Short answer: No. You can use normal strings for actions, md5’ing them doesn’t change anything.

The nonce is built from three main pieces of information:

  • Time: The current time() divided by 43200 is worked into the nonce. This is what lets the nonce be changed every 12 hours (43200 seconds in 12 hours).

  • The action string you provide. More on this below.

  • The user ID. Every user gets different nonces.

Now, these elements are concatenated, and then the nonce itself is (a smaller piece of) the wp_hash() of this combined string. The wp_hash() function automatically salts the hash, in this case using the NONCE_KEY and NONCE_SALT constants, which should be defined in your wp-config.php file, and which should be unique to your particular site.

(Note that if you happen to have the default of “put your unique phrase here” in that file for whatever reason, WordPress generates random 64 character values for the keys/salts internally and stores them in the database. It won’t use the default values as actual salts. It also won’t let you use duplicate keys or salts for any of the values. Still, you should have the keys and salts defined in the wp-config.php file, and not rely on this. You can get randomized lines for that file from here: https://api.wordpress.org/secret-key/1.1/salt/)

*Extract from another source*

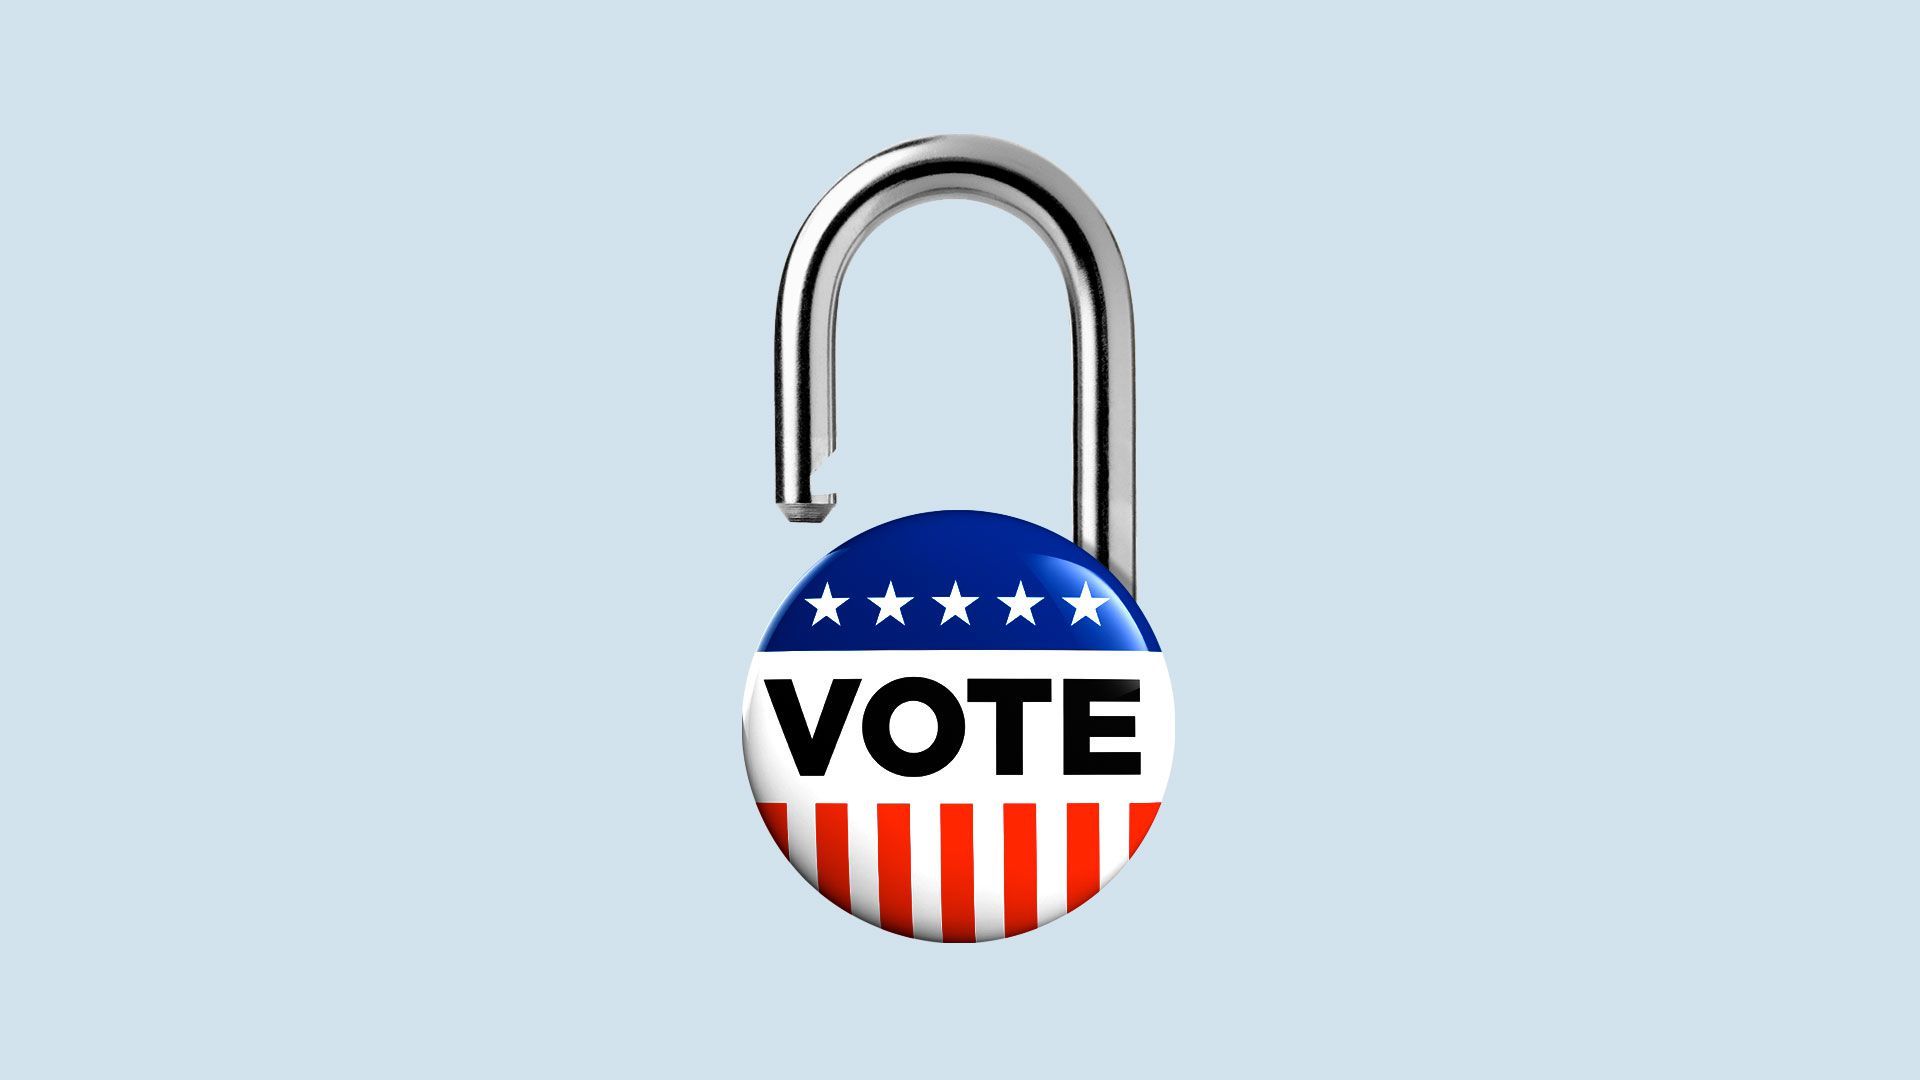 Illustration of a campaign vote button with an opened padlock shackle on the top.

So in order to duplicate a nonce, you need all this information. Time and user ID can probably be deduced. The action string may be known. But the salt is a secret value that should not be known by an attacker, and this makes it infeasible to duplicate the nonce.

That said, the “action” string should be as unique as possible to the specific case. It should be different for each action, like delete_thing vs. update_thing vs. create_thing. And it should contain some “ID” if it is acting on a specific thing, so like “delete_thing_123” for that specific thing.

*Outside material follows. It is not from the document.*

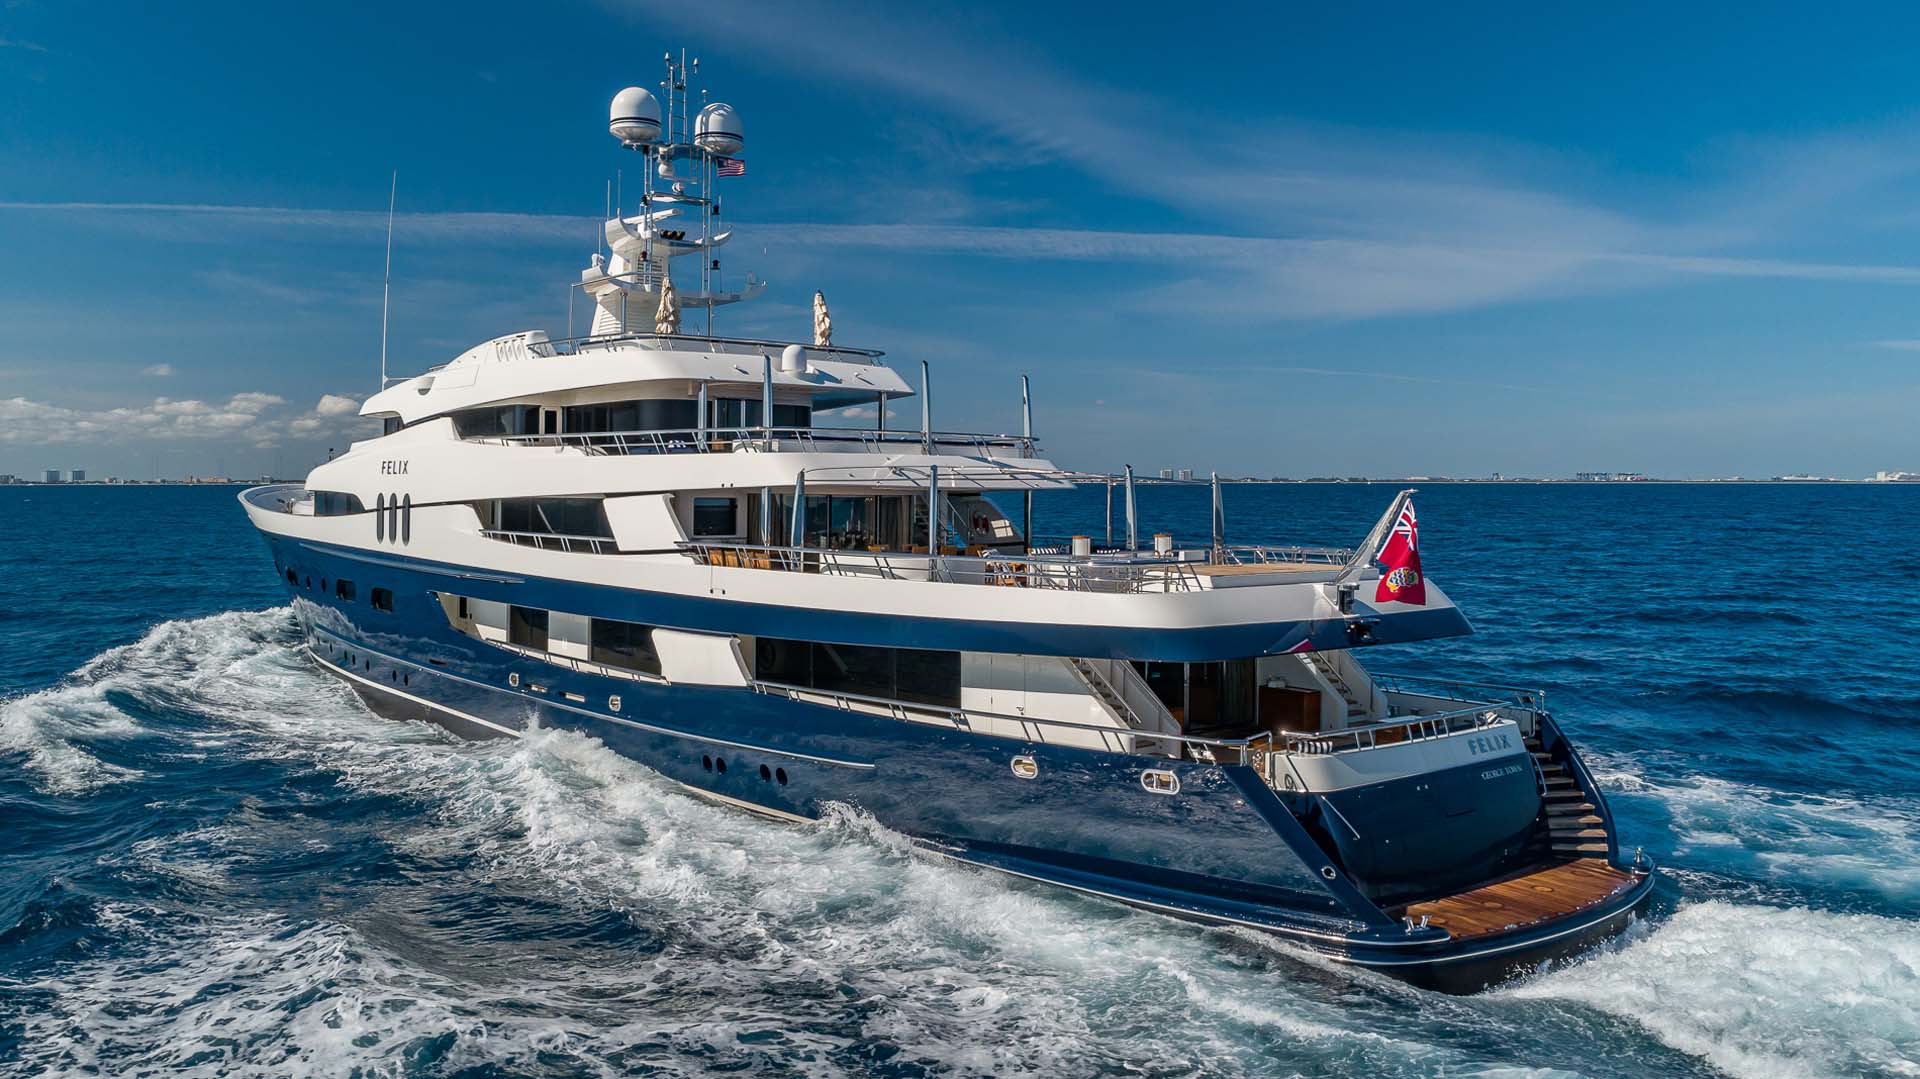 Superyacht Sales And Charter Yacht Brokerage And Management Firm

It doesn’t necessarily add any real security to include complex data in the action string, like the MD5 hash of something. The nonce is already built using the HMAC message digest method with salted secret values. But, the nonce will be the same for the same action, so the action should be specific to the case, in order to make the nonce unpredictable across multiple cases. A nonce used to delete one item won’t delete any item, type of thing.

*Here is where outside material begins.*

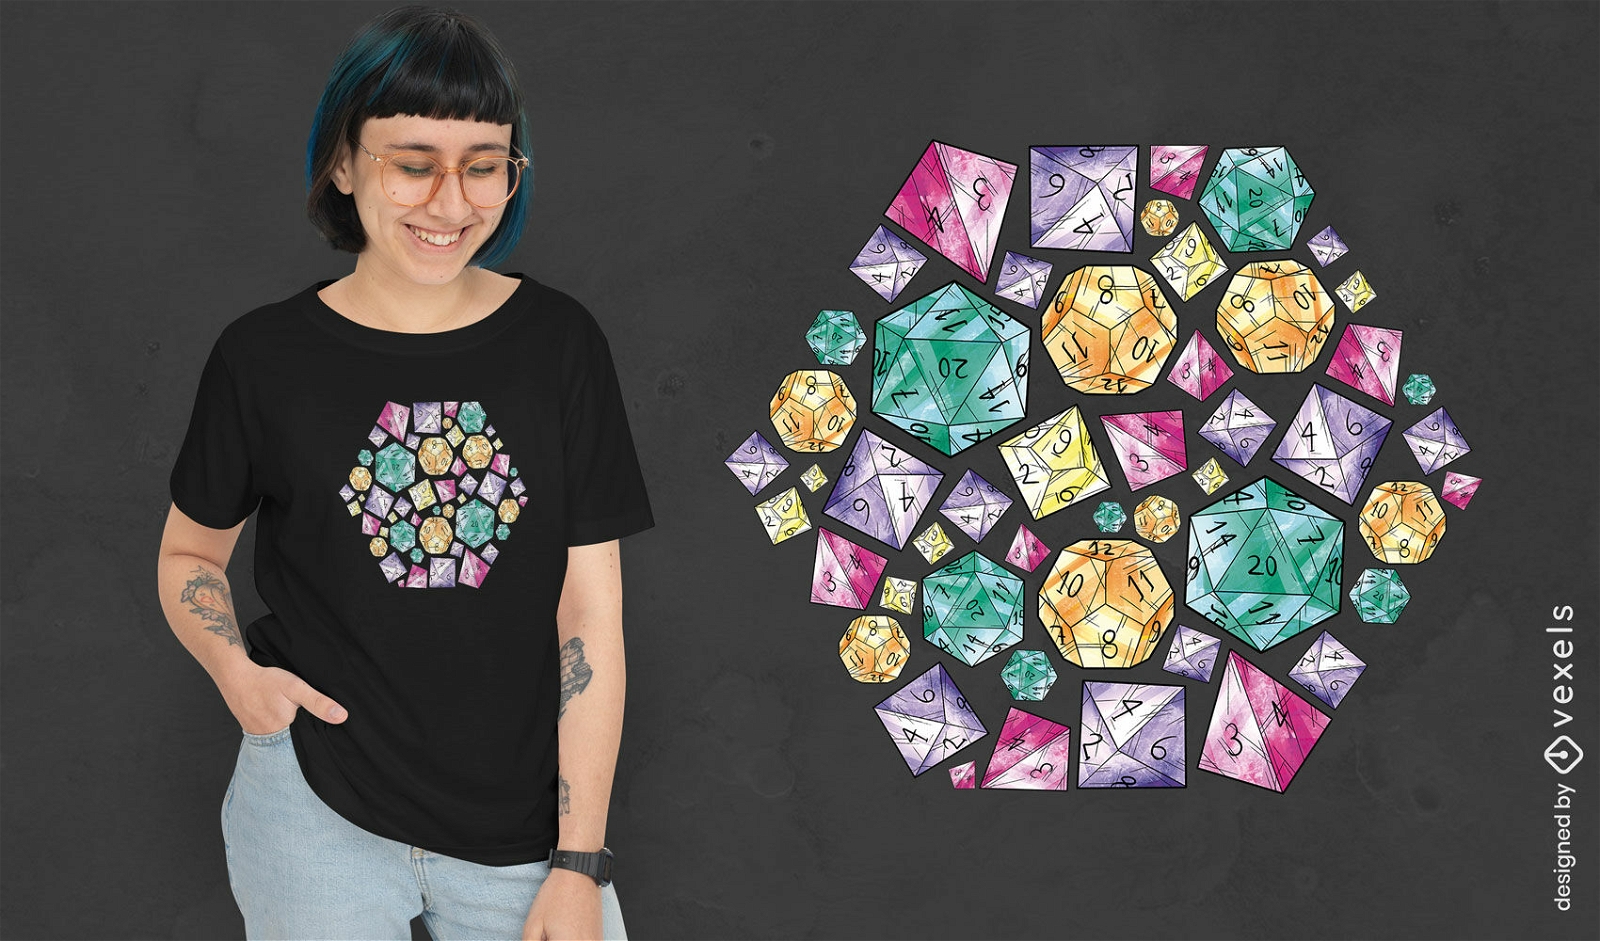 RPG dice collection t-shirt design

Also be aware that action values to generate nonces should be entirely internally generated. In no case should user input be used to determine the action which generates the nonce. If a user can inject data to determine the action string, then they can get nonces in advance. Nonces need to be unique static strings with possibly ID’s concatenated to them.

TL;DR: Use a plain string with an ID (if having an ID makes sense). It’s just fine.